1. 26
  1. 5

    This is really good - I appreciate the in-depth nature of it!

    I remain skeptical about the practicality of event sourcing, but it helps a lot that rather than handwaving over the details of archiving and event schemas, you’ve actually gone into detail about how you do it.

    What I’m still curious about (and most articles/books on event sourcing don’t discuss much) is:

    • How do you handle changing schemas for events (you mention rewriting your S3 store, I assume this is it?)
    • How many events do you have stored?
    • How long does it take you to rebuild a projection, or rewrite an event archive at the moment with that volume? Do you ever anticipate you’ll have too many events to make it practical? If so what will you do then?
    1. 3

      Thanks for the kind feedback!

      There are definitely tradeoffs to doing an event-sourced system I wrote this post up mostly about our experience overall, and trying to give enough detail about the system itself to make it understandable. From a business perspective it has enabled so much stuff to be so easy that we’ve found the tradeoffs to mostly be skewed in the direction of higher productivity and faster feature delivery. We’ll write more about specifics in future posts (not just by me). There is a whole analytics and BI component here that I didn’t even mention.

      To answer your questions above:

      • The schemas are Protobuf so we generally follow the recommended rules for changing Protobuf schemas: you can add fields at any time. We deprecate fields as needed, though this is rare. You can add new events any time. You never change a field name or type. We have processes around getting new event schemas approved that require review by folks who understand them well and know what works. We have LADRs that explain some of this. If you added a fields that needs to be back-calculated for previous events, you would run a backfill to emit all of those for the entities that were missing them. If it’s more complicated, we can use Spark to rewrite the store.
      • We have under 10 billion or so events (this is all the public stuff keep in mind, not all the RPC). At this scale you could obviously use other tools. But we plan to grow on this platform in perpetuity, hence some of the decisions. Generally you are not operating on all of the events, though. You are operating on a subset that you care about for your service. You can generally scope it to tens of millions for a service you are working on. We have some things that behave like events but which we treat as ephemeral and don’t archive because there is no utility in replays or audit trails.
      • We can run Spark over the whole event store in a couple of hours, less if we want to throw more/bigger instances at it. We can build a new projection for a reasonable service in a couple of hours. The limit here is usually the throughput on RabbitMQ for the size of cluster we replay on. We can pay for more if we need it faster. Snapshots are the solution to this longer term, by starting from an intermediary state rather than from scratch each time. We build and use them already, but by specializing them for each model, we could massively reduce bootstrap time. I mentioned the first way we will do that in the article.
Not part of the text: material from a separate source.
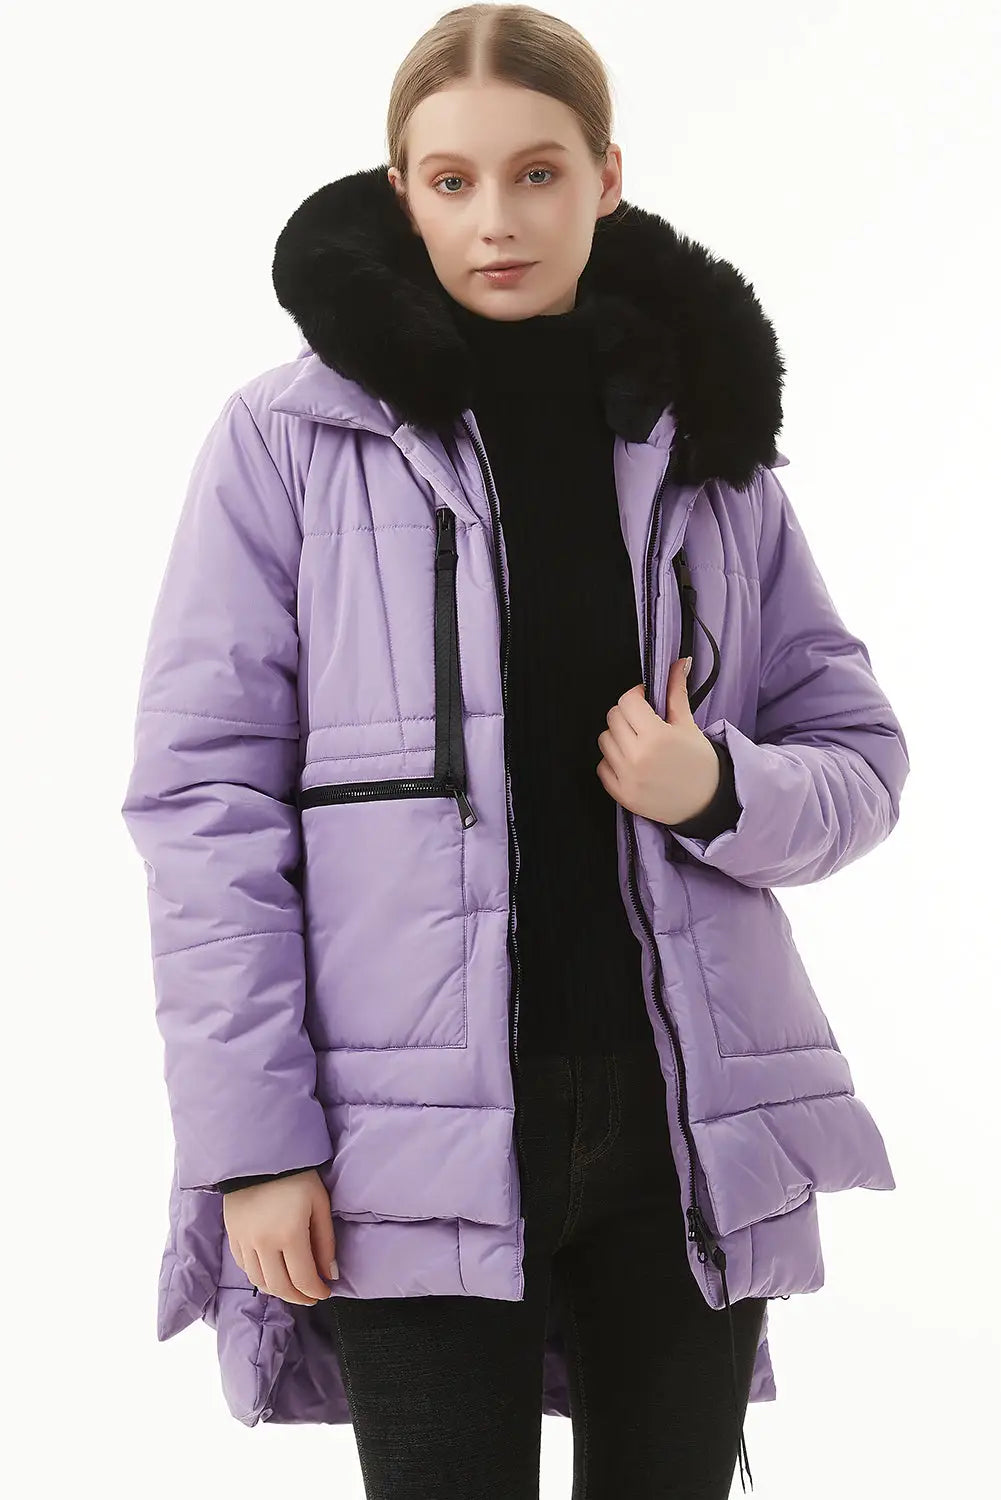 Wisteria plush linen zip up hooded puffer coat - 2xl / 100% polyester - outerwear

      Hope that helps answer some of the questions. We have been really practical about it and solve problems as they arrive, using an iterative approach rather than building a lot of support up front. We have a business to run first! :) Generally Protobuf, S3, Spark, and Athena mean we haven’t seen anything frightening yet. Quite the opposite: the tooling seems more than up to the job ahead.

      1. 1

        Thanks so much for getting back to me, that’s really impressive :)